Reverse Proxy mode is currently only available if you rebuild the images from the provided parent modsecurity Dockerfiles available at https://github.com/CRS-support/modsecurity-docker. The Reverse Proxy mode is now implemented in this parent modsecurity image during build time. Default is SETPROXY=False. Also see: https://hub.docker.com/r/owasp/modsecurity
What you can do:
git clone https://github.com/CRS-support/modsecurity-docker.git
cd modsecurity-docker
git checkout v2/apache-apache
docker build --build-arg SETPROXY=True -t my-modsec .
cd ..
git clone https://github.com/SpiderLabs/owasp-modsecurity-crs.git
cd owasp-modsecurity-crs/
cd util/docker/
vim Dockerfile-2.9-apache <- set your built image from above behind the FROM
docker build -t my-modsec-crs -f Dockerfile-2.9-apache .
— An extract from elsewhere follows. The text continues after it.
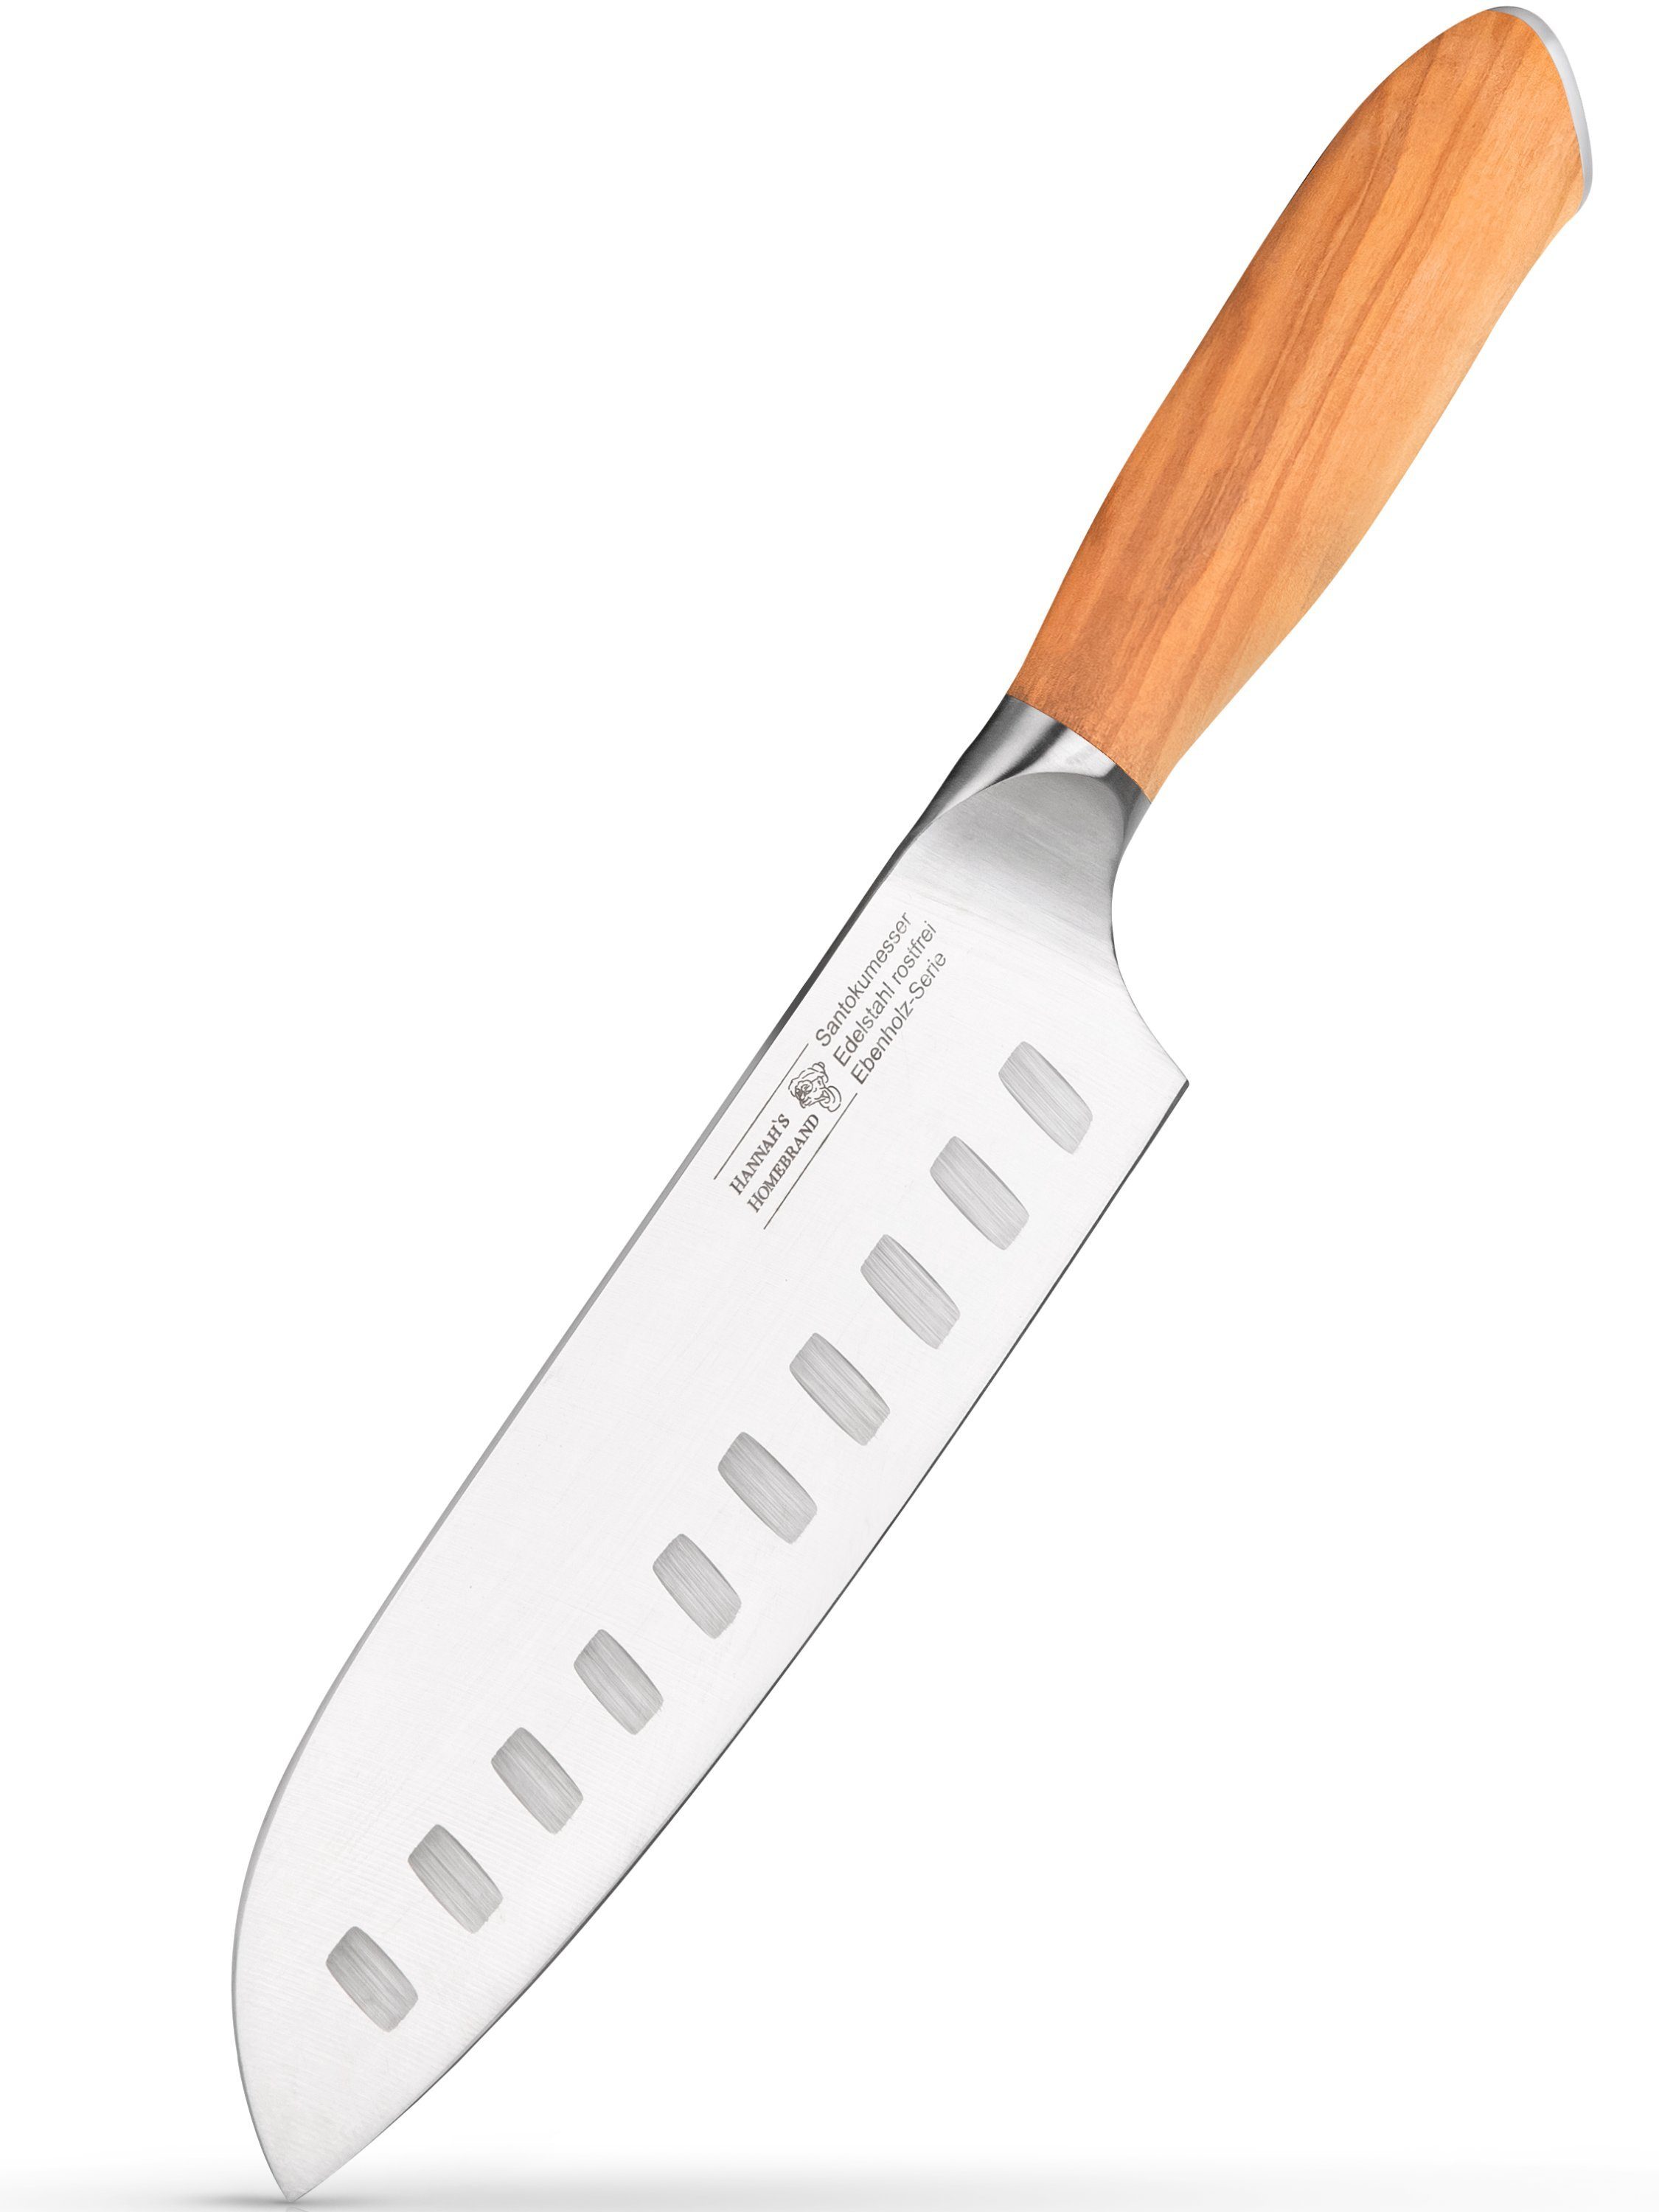 Hannah's Homebrand Santokumesser rostfreies Santokumesser & Sushi Messer aus Olivenholz, verblüffend scharf, rostfrei und langlebig (18 cm Klinge)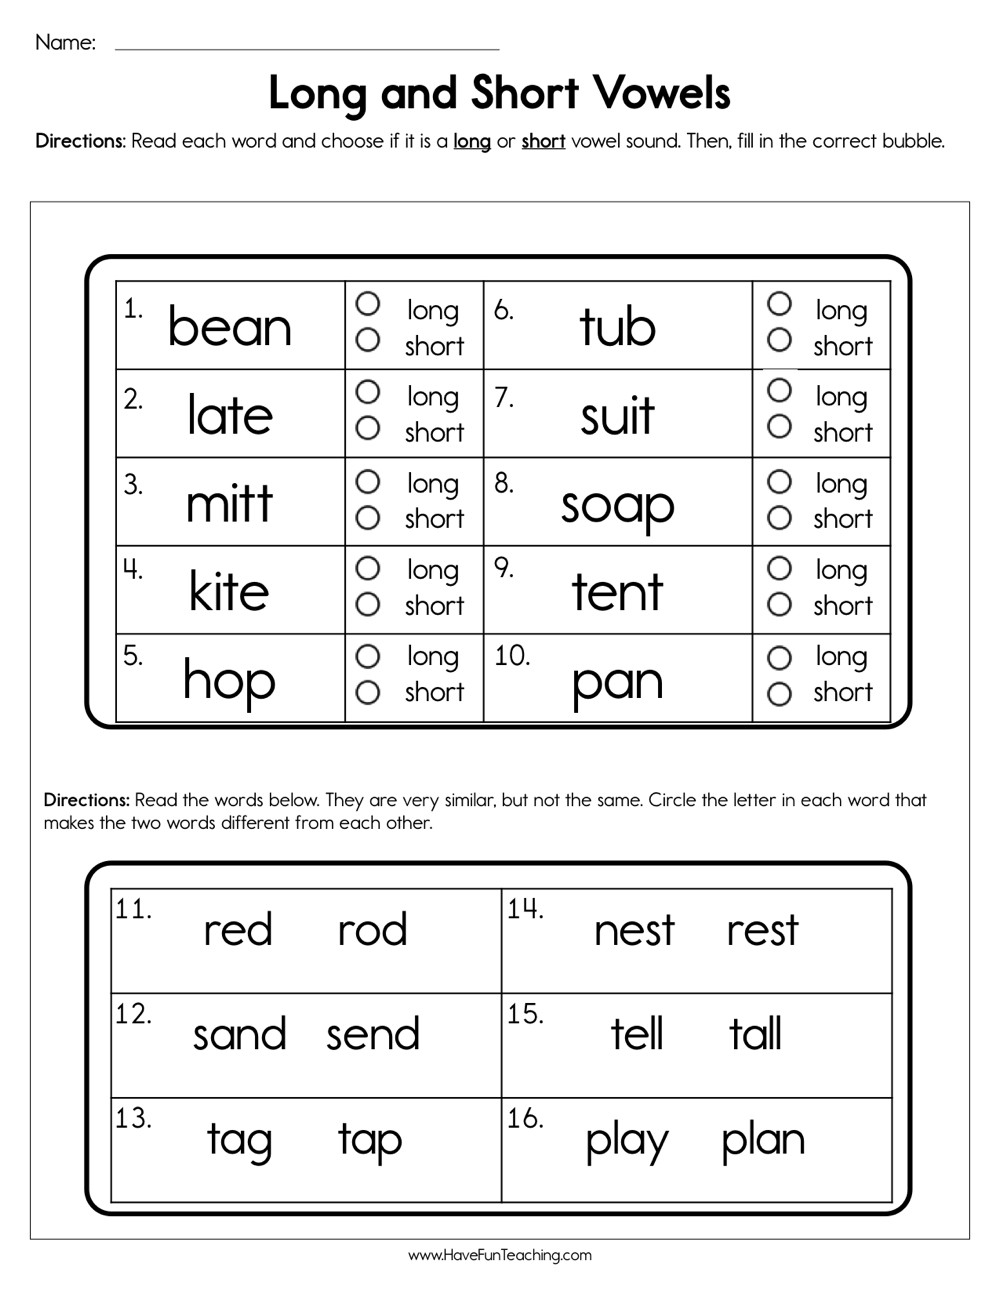 Long Vowels Worksheets First Grade Long and Short Vowels Worksheet

docker run -dti --rm -p 80:80 -e PARANOIA=1 -e PROXYLOCATION=http://192.168.1.100:8000 my-modsec-crs
There are even more CRS variables available now, see: https://github.com/SpiderLabs/owasp-modsecurity-crs/blob/v3.2/dev/util/docker/README.md
Or you use the provided docker-compose.yaml: https://github.com/SpiderLabs/owasp-modsecurity-crs/blob/v3.2/dev/util/docker/docker-compose.yaml
Thx, for your fast answer. Now there seems to be another problem, so the container crashes after the start
Traceback (most recent call last): File "<stdin>", line 3, in <module> File "/usr/lib/python2.7/UserDict.py", line 40, in __getitem__ raise KeyError(key) KeyError: 'ANOMALYIN' AH00526: Syntax error on line 15 of /usr/local/apache2/conf/extra/httpd-logging-before-modsec.conf: Unrecognized LogFormat directive %x
I see the problem. The problem will go away when you activate TLS during build time of the modsecurity container.
--build-arg SETTLS=True
docker build --build-arg SETPROXY=True --build-arg SETTLS=True -t my-modsec .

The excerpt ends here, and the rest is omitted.